I wonder how widespsread the benefit of ISO referencing to the mainstream public is, which is the essential target group of wikipedia. The added value of that section is awfully limited, and just helps ISO commercially, but very few people care. I would estimate the proportion of the readers who care, or are understanting what ISO language referencing is at around 0.01% of the readers, therefore questioning whether this info is relevant, whether it is of wiki standards, and whether it helps readability Vs being a total digression. Also the international standrad ISO is mor NOT adopted than adopted by many around the world. Other than that the article is brilliant, though.--GeeeFlat 10:11, 17 August 2006 (UTC)

Total Number of Persian Speakers


Here is up-to-date information from Joshua Project:Iran Population Breakdown by language. The data is recent and is based on UN estimate for 2006. According to this report, the following groups are the Persian-speaking people in Iran:

Persian 24,868,000 , Farsi, Western Persian, Dari 1,725,000 , Farsi, Eastern (Dari) Tajik, Tadzhik 61,000 , Tajiki Takistani 224,000 , Takestani ... UN Country Population (2006) 70,324,000

So, total persian speakers in Iran will be approximately 27,898,000 in 2007.

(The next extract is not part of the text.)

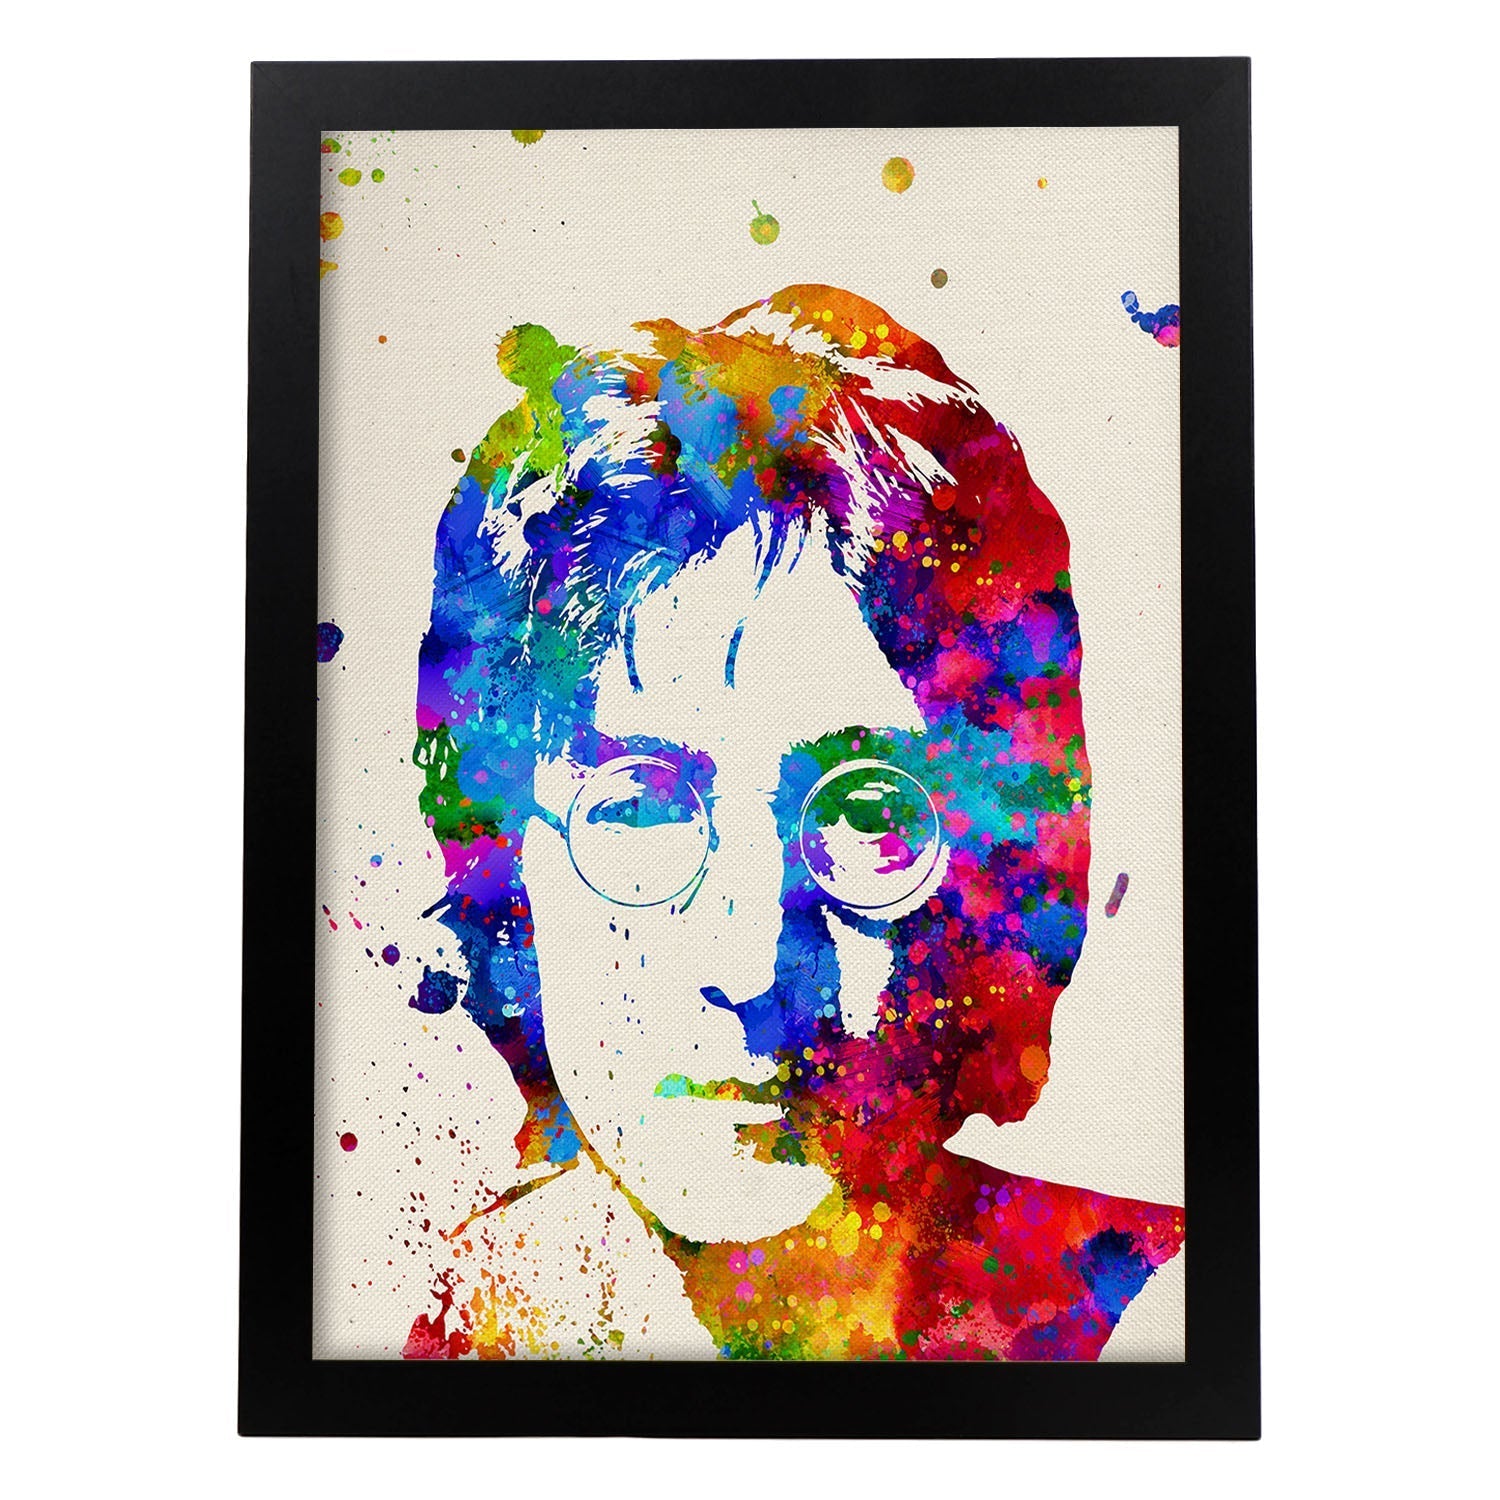 Poster imagen de John Lennon. Posters con diseño acuarela de famosos, actores, músicos-Artwork-Nacnic-A4-Marco Negro-Nacnic Estudio SL

Aimaq,Char 273,000 (Aimaq) Aimaq,Firozkohi 271,000 Aimaq, Hazara 211,000 Aimaq, Jamshidi 120,000 Aimaq, Taimani 541,000 Aimaq, Timuri 135,000 Hazara 2,572,000 (Hazaragi) Parsee 13,000 (Parsi-Dari) Persian 103,000 (Western Farsi) Persian, Dari 1,041,000 (Eastern Farsi) Tajik 7,149,000 (Tajiki Persian) Qizilbash 13,000 (Eastern Farsi)

... UN Country Population (2006) 31,082,000

So, total persian speakers in Afghanistan will be approximately 09,442,000 in 2006. Though there has never been an official sensus made in Afghanistan, after pashtoons 65% of the population, Tajiks make the second largest ethnic group in Afghanistan with an estimated 15% of the total population. The following link provides a very good insight about some of the unofficial sensus that has been made over the years in Afghanistan:

                actually most pashtoons in afghanistan speak farsi as well so that would boost your persian speaking people in afghanistan up alittle bit :).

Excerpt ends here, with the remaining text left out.